I have this type of data in an ordered R dataframe.
set.seed(25)
date <- sort(as.Date(sample( as.numeric(as.Date("2019-01-01")): as.numeric(as.Date("2021-03-31")), 10,
replace = T),
origin = '1970-01-01'))
type <- c("Football", "Football", "Rugby", "Football", "Hockey", "Tennis", "Hockey", "Basketball", "Basketball", "Rugby")
id <- c("1","1","1","1","2","2","3","4","4","5")
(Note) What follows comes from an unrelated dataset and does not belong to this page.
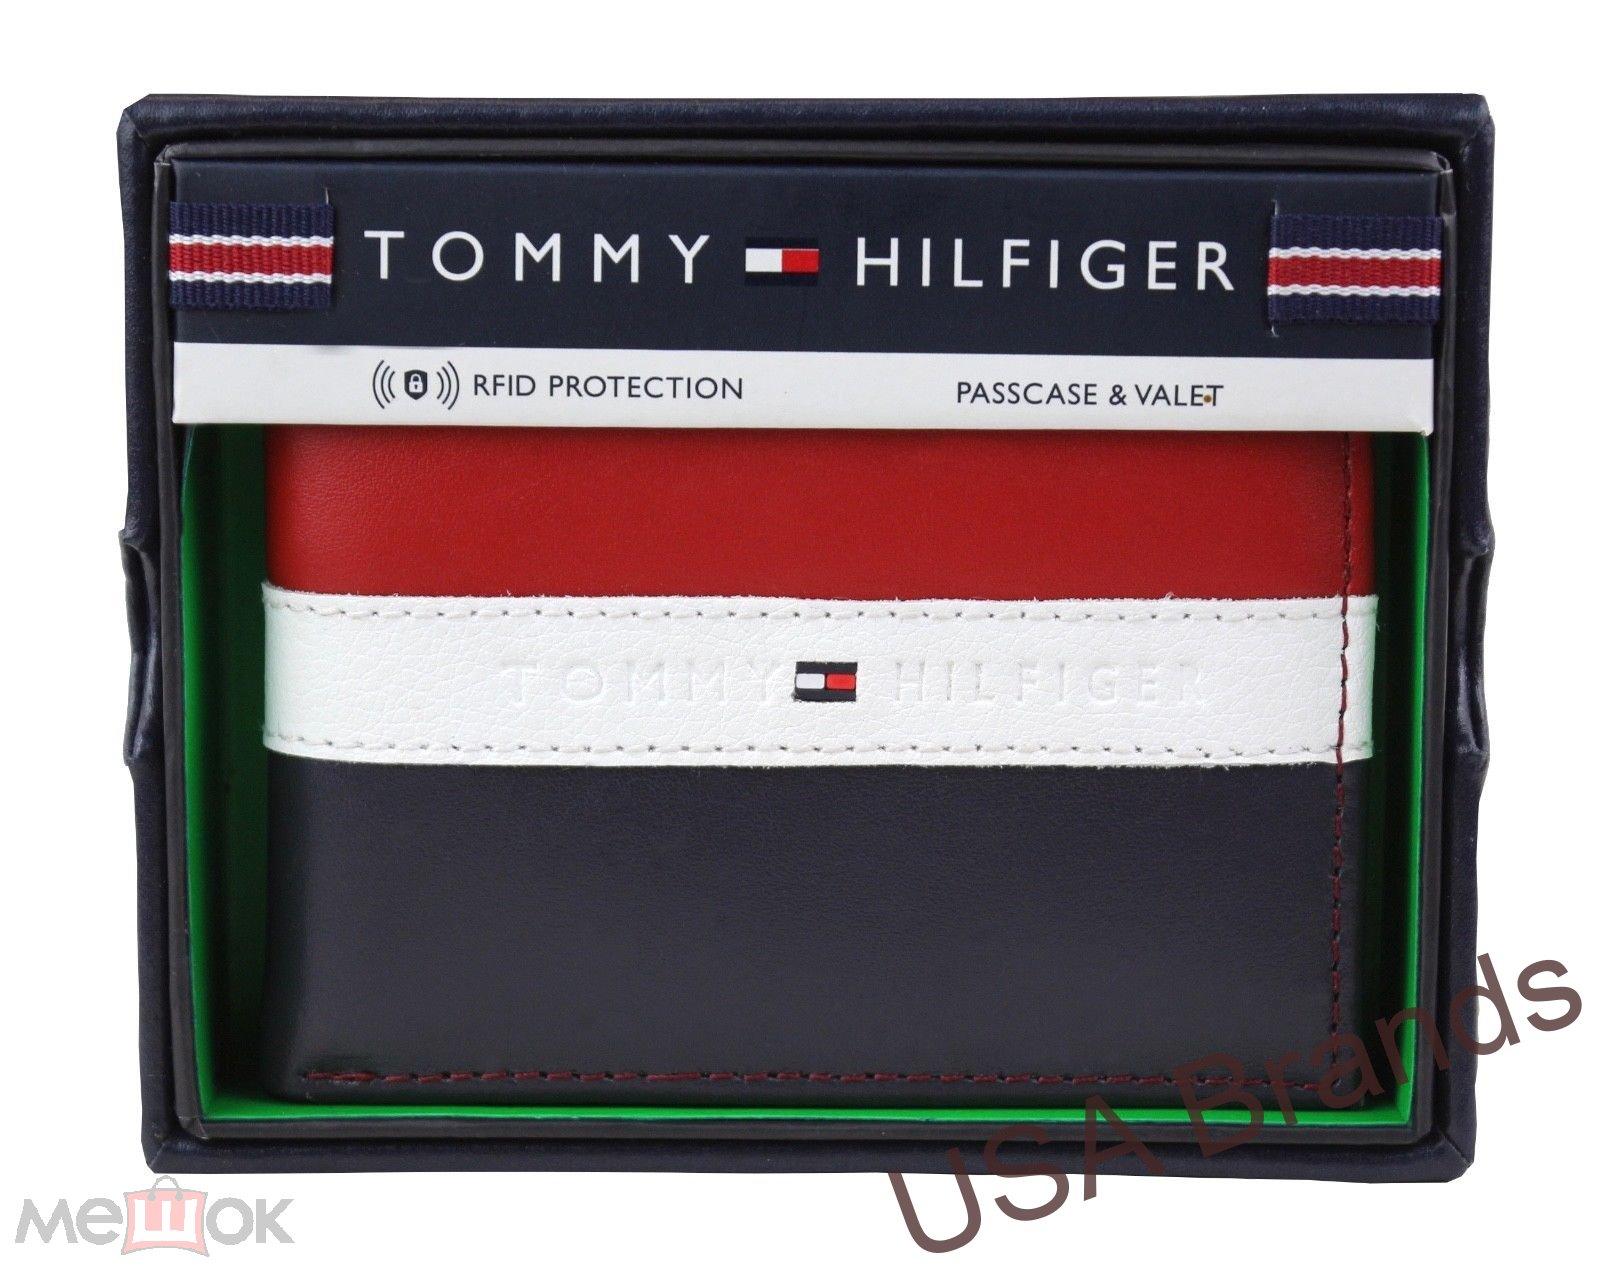 10f52e26cd86 Портмоне TOMMY HILFIGER оригинал новое (торги завершены #91493422)

df <- data.frame(date,id, type)
date id type
2019-04-09 1 Football
2019-04-13 1 Football
2019-04-20 1 Rugby
2019-04-21 1 Football
2019-05-31 2 Hockey
2020-02-09 2 Tennis
2020-03-08 3 Hockey
2020-03-24 4 Basketball
2020-08-18 4 Football
2020-11-01 5 Rugby
The result I'm trying to get at is this:
date id type type_2
2019-04-09 1 Football Football
2019-04-13 1 Football Football
2019-04-20 1 Rugby Multi
2019-04-21 1 Football Multi
2019-05-31 2 Hockey Hockey
2020-02-09 2 Tennis Multi
2020-03-08 3 Hockey Hockey
2020-03-24 4 Basketball Basketball
2020-08-18 4 Basketball Basketball
2020-11-01 5 Rugby Rugby
Basically, the first sport in time an id practices stays if the next sport he practices is the same as the previous one, type_2 remains the same, but as soon as he changes sport later on, he changes to multi for the rest of his values later on.
I tried do this with lag()
, lead()
and if_else()
in dplyr
but the results never come out the way I want.